La autora explora aquí el lado más oscuro del ser humano. Violencia, mezquindad, crimen, narcotráfico, prostitución,… se conjugan con la mentira, la traición, el orgullo o el odio. También el amor y la sensualidad tienen su lugar en ‘Sobredosis’. ‘El chico continuó deslizando sus labios por el cuello de la muchacha mientras empujaba una y otra vez la pelvis sobre sus caderas. La chica comenzó a jadear y unos gritos de placer emanaron de su garganta,…’, leemos al principio del capítulo Visiones.

En relación con los personajes que aparecen en la novela, como el agente García, Nora, Julio, El Jaguar, Lydia, Cristobal, etc., puede decirse, en mi opinión, que han sido concebidos por la autora para responder a una idiosincrasia determinada, la del papel que les toca jugar en el argumento de esta novela. Proporcionando así vitalidad literaria a las figuras que entran en escena. Señalar aquí como la formación académica en psicología de la escritora parece influir a la hora de profundizar en la personalidad de sus personajes y contribuye a la configuración de este carácter psicológico de su narrativa.

Otro componente a destacar son los diálogos que se suceden con un gran dinamismo. Lo que confiere al texto un carácter cinematográfico. Casi nos es posible ver a los personajes conversando, mientras imaginamos como se desarrollan los acontecimientos.

Como se ha dicho, esta novela puede encuadrarse por su temática dentro del llamado género de novela negra. Asimismo, tiene los rasgos distintivos de un thriller. Pero de algún manera va un paso más allá, abordando la forma en que las circunstancias y los secretos personales que atesoran los protagonistas generan un caldo de cultivo que termina por unir y condicionar el destino de todos ellos. Por otra parte, hay en esta obra un análisis, con un cierto corte galdosiano, de la sociedad (nuestra sociedad) en la que están inmersos los actores de esta trama.

Asimismo, la autora ahonda en cuestiones como el ‘equilibrio entre las dos fuerzas de la vida’, la dicotomía entre el bien y el mal presente en cada individuo, y hasta dónde puede llegarse por ambición, esa ambición que una vez ‘brota en el corazón de un humano, no hay una vía que logré exterminarla. Se extiende hasta envenenar el alma, y no hay antídoto…’. Un afán de poder y riqueza por el que se es capaz de matar y también se puede ser asesinado: ‘Sintió cernirse sobre él la oscuridad de una niebla cargada con la cólera de los verdaderos dioses, de los únicos monstruos capaz de engendrar y arrebatar vidas: los seres humanos.

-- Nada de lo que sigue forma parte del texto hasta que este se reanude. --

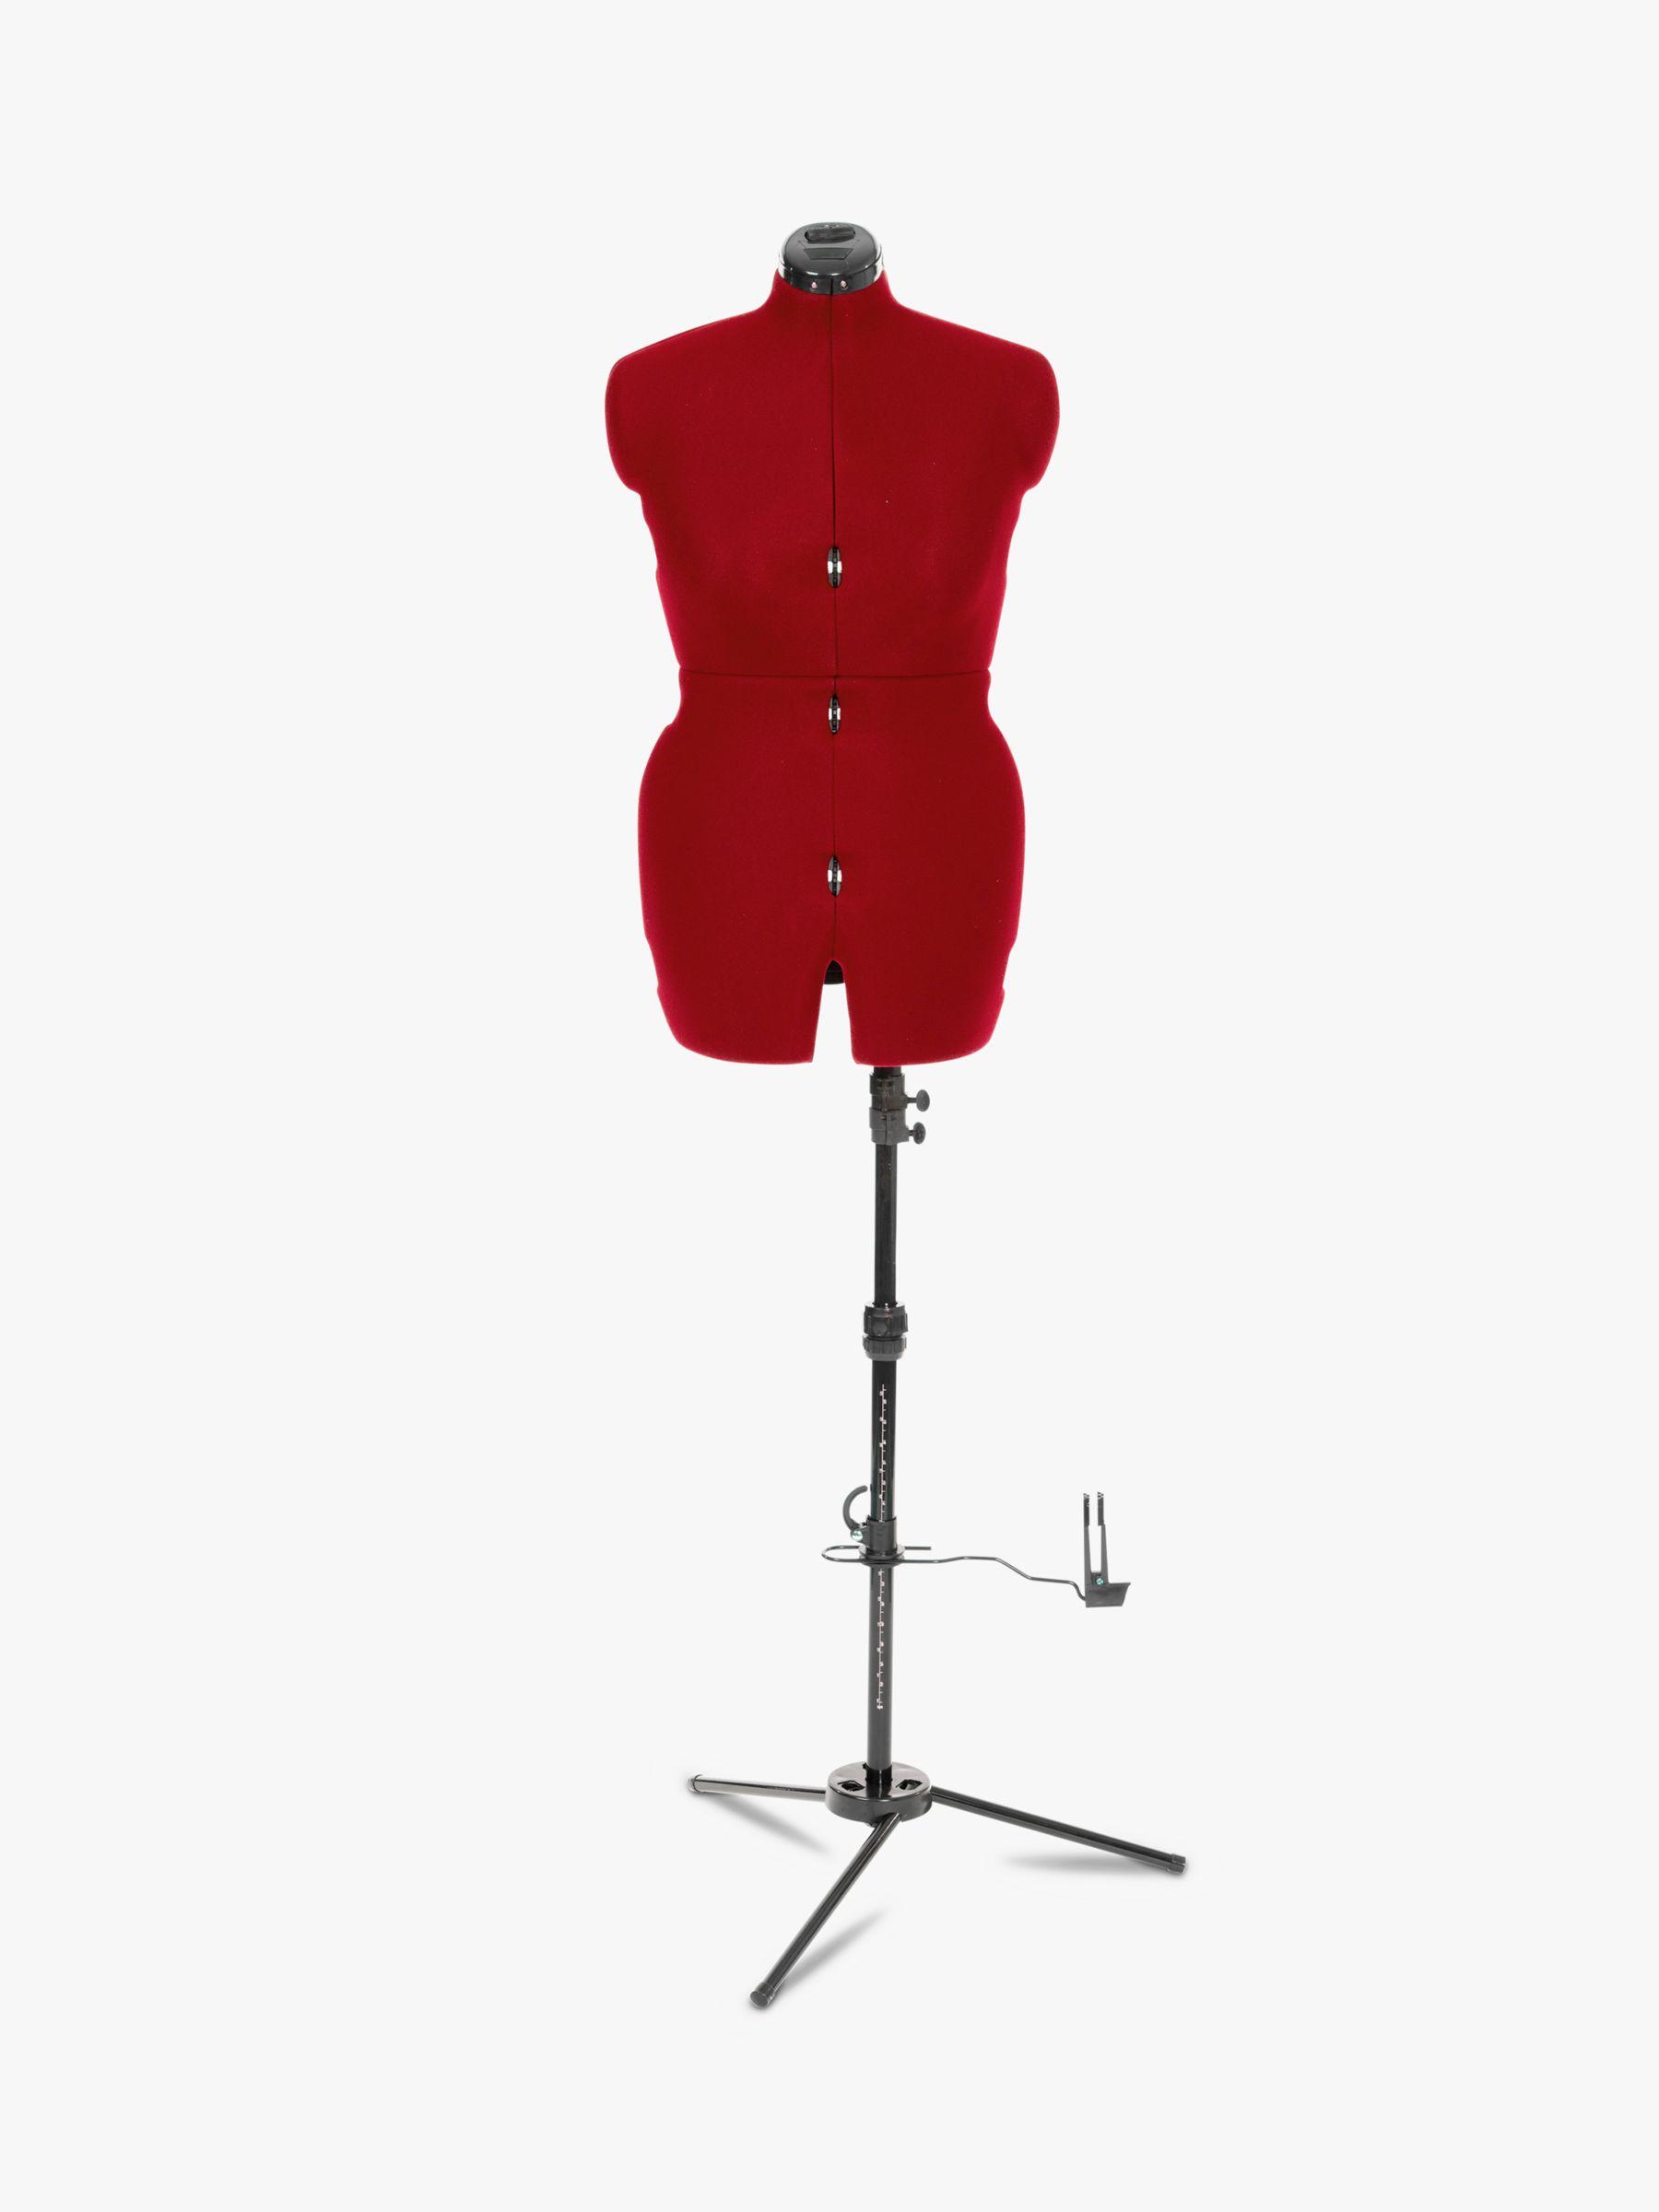 Adjustoform Adjustoform Sew Deluxe Dressmaking Mannequin, Cherry

Y ante su propia sorpresa, la llama de la ambición que llevaba ardiendo en su pecho, se apagó al ver el colgante de cuarzo pendiendo del cuello del muchacho.’ (fragmento del capítulo Infrarrojos). Porque en un mundo como el actual, el dinero es uno de los ejes fundamentales sobre lo que gira casi todo, pero también una de las principales causas de corrupción. Ese ‘maldito dinero’ al que Julio, el hijo de Nora, la prostituta, culpa de su mala fortuna y, al mismo tiempo, va a condicionar su destino.

Somos nuestras circunstancias, parece querer recordarnos María Iglesias, con un acento orteguiano, a través de los personajes de esta novela donde se pregunta sobre el porqué de las decisiones y las acciones de sus personajes.

Una novela con la que María Iglesias Pantaleón confirma el excelente camino emprendido como autora. Por ello, si desean disfrutar del buen hacer de esta escritora, siempre pueden atreverse con una ‘Sobredosis’ de buena literatura.